Кто вышел вдруг из темноты,
Сперва привыкнуть к свету должен.
Надень корону бедняку —
Страной он вряд ли править сможет.
И я, любовь моя, пробыл
Так долго в темноте,
Что в блеске нынешнем забыть
Не в силах годы те
Эрнст тут же придумал мелодию к этому стихотворению — спокойную, мрачновато-тоскливую — и отдал листок с нотами и словами Элизабет.
Через две недели он выздоровел и медленно побрел привычным путем к Приюту Грез. Там его ожидало письмо Ойгена из Лейпцига, — видимо, тот забыл заказать, чтобы послание доставили в больницу. Письмо содержало много вопросов и кое-какие новости, из которых главной была следующая: Ланна Райнер обручилась с князем Разниковым.
Эрнст устало улыбнулся. Значит, и этот этап его жизни миновал. Он только подивился тому, как быстро в жизни может миновать нечто, в чем еще совсем недавно заключался весь ее смысл.
— Душа моя пуста, — сказал он вполголоса, ни к кому не обращаясь. — Ты все забрал с собой, Фриц.
Сумерки просочились в комнату сквозь Окно Сказок в крыше. Эрнст поудобнее устроился в кресле и прислушался к их голосам. Стены дома жили своей жизнью и шептали о чем-то своем, в надвигающейся темноте комната рассказывала свою историю.
— Мне тебя не забыть, — тихо сказал Эрнст в пустоту комнаты. — Все во мне принадлежало тебе, знаток человеческой души. — Он даже застонал. — Я промотал свою душу, Фриц, помоги мне обрести ее вновь! О как тяжела мысль, что гнетет меня днем и ночью: неужели эта утрата нужна была для того, чтобы я очнулся?

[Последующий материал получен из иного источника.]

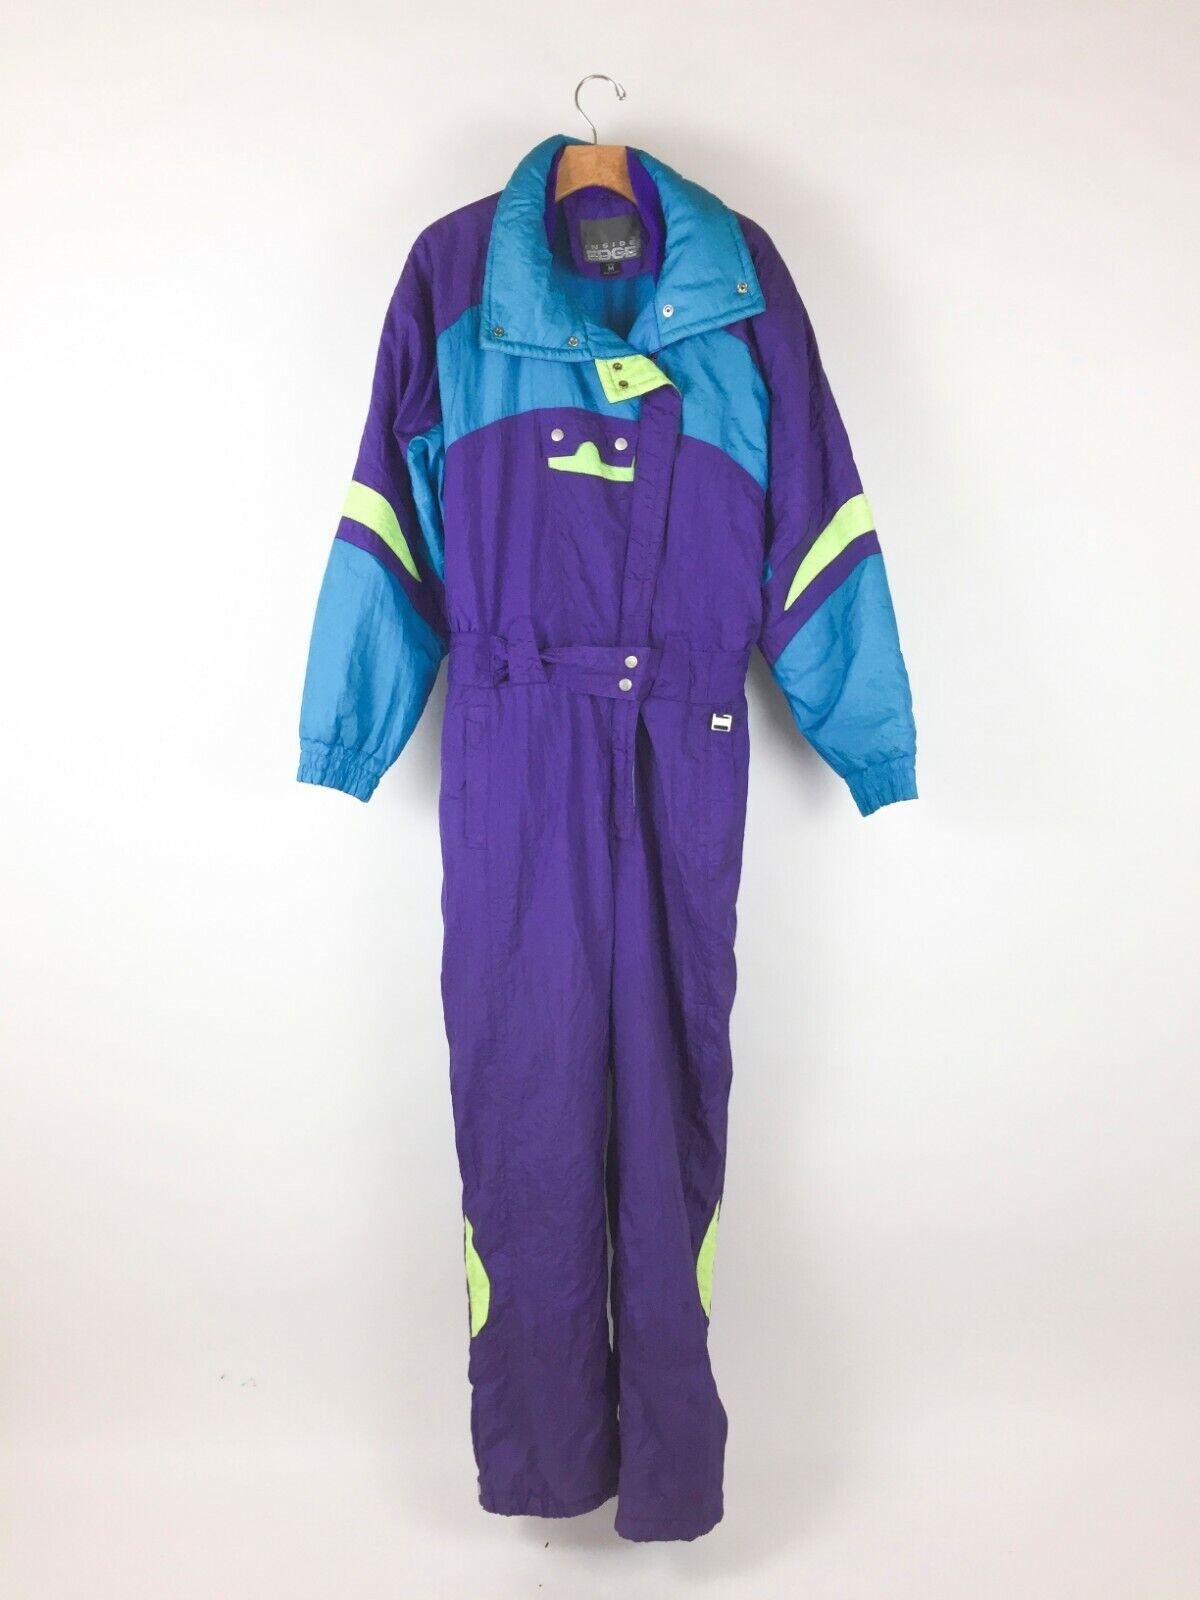 Vintage 1980s Inside Edge Womens Ski Suit Sz M Neon Turquoise Purple One Piece

Так он сидел, роясь в старых письмах и книгах до глубокой ночи, вызвездившей небо над Окном Сказок.
— Фриц, ты — единственный, кто по-прежнему несет вместе со мной полноту и муку моей жизни.
И вдруг — крик:
— Элизабет! Миньона! Возлюбленная моей души, и тебя я утратил… Все погибло… Вся жизнь мертва, и все серо…
На следующий вечер друзья Фрица собрались в Приюте Грез. Погода была прохладная, моросил мелкий дождик. Капли стучали по оконному стеклу.
Все были необычайно молчаливы.
— Теперь здесь все изменилось, — сказала Паульхен. — Как будто из комнаты ушла ее душа.
— Утеряна связь, — ответил ей Фрид. — Каждый из нас сам по себе. А связывавшая нас нить порвана.
Эрнст прочитал вслух выдержки из последнего письма Фрица. Потом грустно сказал:
— Умер — значит, его нет. Мы никогда не увидимся с ним.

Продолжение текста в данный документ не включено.